One of the major developments in the past 6 months was the construction of Semera industrial park which is now at 96.8% completion increasing by a 2.8% from last year. The IPDC was also able to create 52% more jobs than the same previous time period. A total of 33,371 jobs have been created since the parks begun operation in 2014.
In an attempt to substitute imported products, IPDC’s parks were able to substitute 80 million USD worth of products surpassing the target set at 55 million USD. Some of the new products produced during the same the 6 month period are packaging products, dyes, leather products, and stationery supplies. With a 25% increase from last year’s revenue, the corporation secured 104,428,447 USD in revenues. Since their inception in 2014 the industrial parks under the IPDC were able to garner a total of 850 million USD in foreign currency aiding the country in its effort to obtain much needed foreign currency.
As of now a total of 158 shades are occupied in the parks representing 97% of the available shades. The parks have also employed the ZLDE waste treatment technology to treat and reuse effluent water. In their efforts to fulfill social responsibilities and put their mark on the Green legacy of Ethiopia workers of the industrial parks have been engaged in blood donation and a 1.4 million birr donation to the FDRE Defense Force’s national cause in the northern Ethiopia conflict. Also, a total of 785,000 plants have been planted in response to the Green legacy national call by PM Abiy Ahmed.

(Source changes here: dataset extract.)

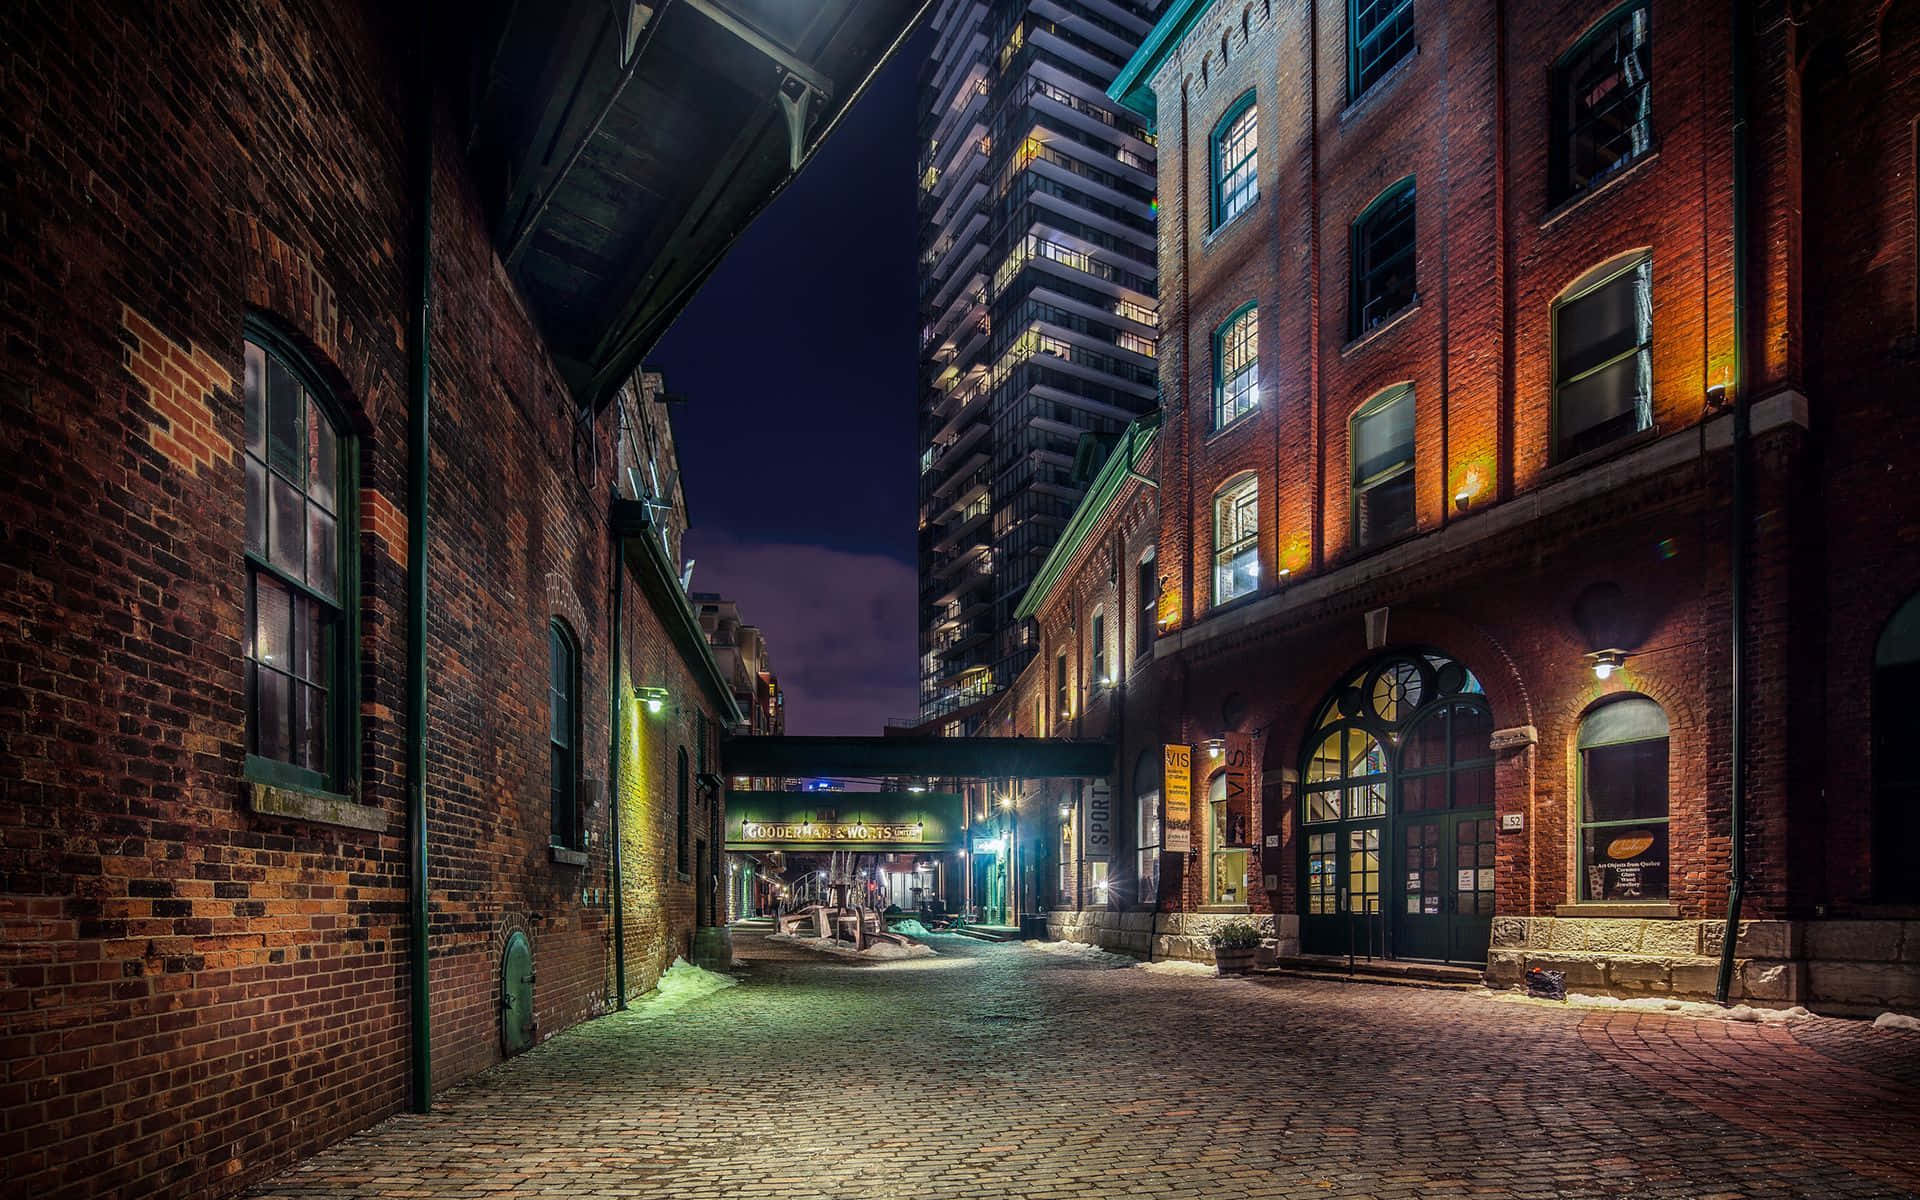 A Brick Alley With A Building In The Background

The corporation’s parks have been hit by the exclusion of Ethiopia from the AGOA but while the government of Ethiopia is in talks with the US to rescind the decision, studies are being conducted of the part of the GoE to find alternative markets. Since most companies in the industrial parks are international firms having their own established markets abroad, the impact of AGOA will be insignificant. Additionally, China has also brandished an opportunity act that is similar with the AGOA for agro industries. These mitigating factors are assisting the industrial parks achieve their targets and even move beyond.